Heatmap showing the mean number of unique 16S mitochondrial DNA sequences for each genus (a, b) detected at seven inshore (orange), midshore (green), and offshore (purple) coral reefs, and a boat harbor (red) along the central Red Sea coastline near Thuwal, Saudi Arabia. Analyses were independently conducted using the National Center for Biotechnology Information (NCBI) database (a) or our custom genetic database (b). Numbers in parentheses are the number of seawater replicates that amplified per sample site. See Fig. 1 for summary of sample sites; abbreviations as in Fig. 2

Even with our custom genetic database, less than half of all Red Sea species were represented with a 16S barcode sequence (474 of the 1071 species). Indeed, some speciose genera were under-represented in our custom database, with ≤10% of the species in their respective genera with a 16S barcode sequence (ESM File S1; ESM Fig. S2). Nonetheless, almost twice as many taxa were confidently assigned to species using our custom database (N = 16) versus the NCBI database (N = 9), despite the same conservative criteria being used in both cases (Table 1).

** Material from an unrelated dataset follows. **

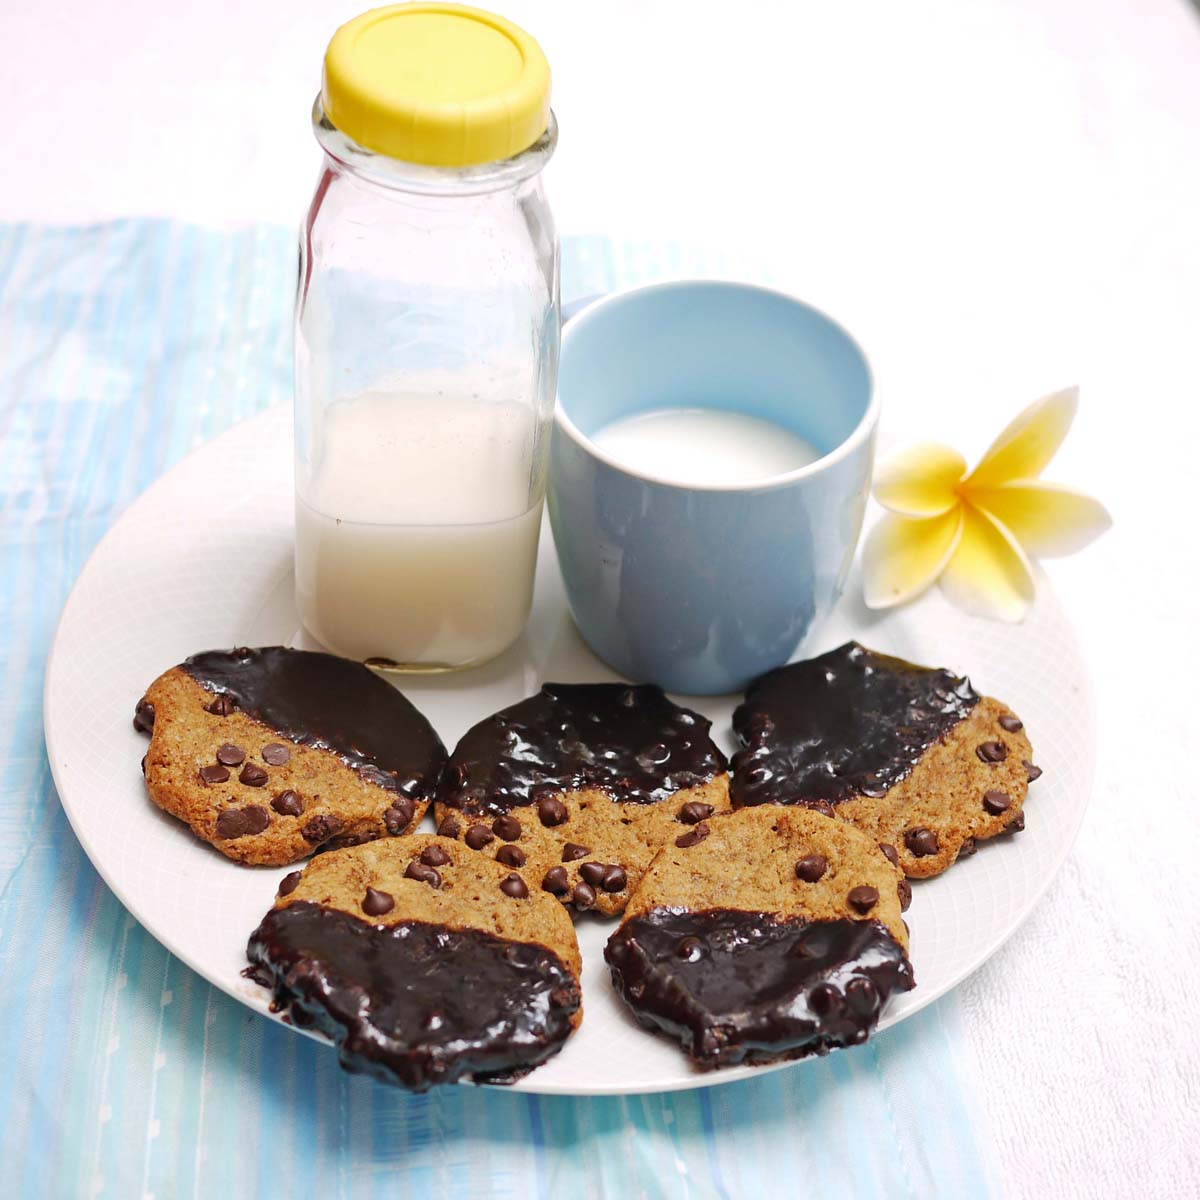 P1090109 chocolate ganache dipped chocolate chip cookies 66

Table 1 Summary of reef fish detected (presence/absence) at the species level by seawater sampling at seven coral reefs and a boat harbor along the central Red Sea coastline near Thuwal, Saudi Arabia

Caveats to consider when barcoding seawater samples based on 16S fish DNA include misidentification in the NCBI reference database, incomplete lineage sorting or hybridization between species, or (in our case) a dearth of vouchered sequences from reef fish sampled in the Red Sea. Also, because 16S is a much shorter read for eDNA applications, the taxonomic resolution at the species level is weak, particularly in the Red Sea. Indeed, we have previously shown that intraspecific divergence of reef fish from adjacent Indian Ocean populations can be comparable to interspecific comparisons (DiBattista et al. 2013) and that cryptic lineages are not uncommon (DiBattista et al. 2017). These caveats are not unique to our study or restricted to reef fish, but can be mitigated with increased regional barcoding initiatives, and may be less of an issue for better-characterized coral reefs (e.g., Great Barrier Reef). The benefit of this approach despite its equivocal outcome is that it may prove to be more cost-effective than investing in expensive field time and also that eDNA studies are not limited by poor environmental conditions (e.g., visibility, hazardous conditions) or a lack of taxonomic expertise. These initial eDNA trials from the Red Sea show that the method has several potential applications but that surveys will need to be carefully designed given the number of potentially confounding factors.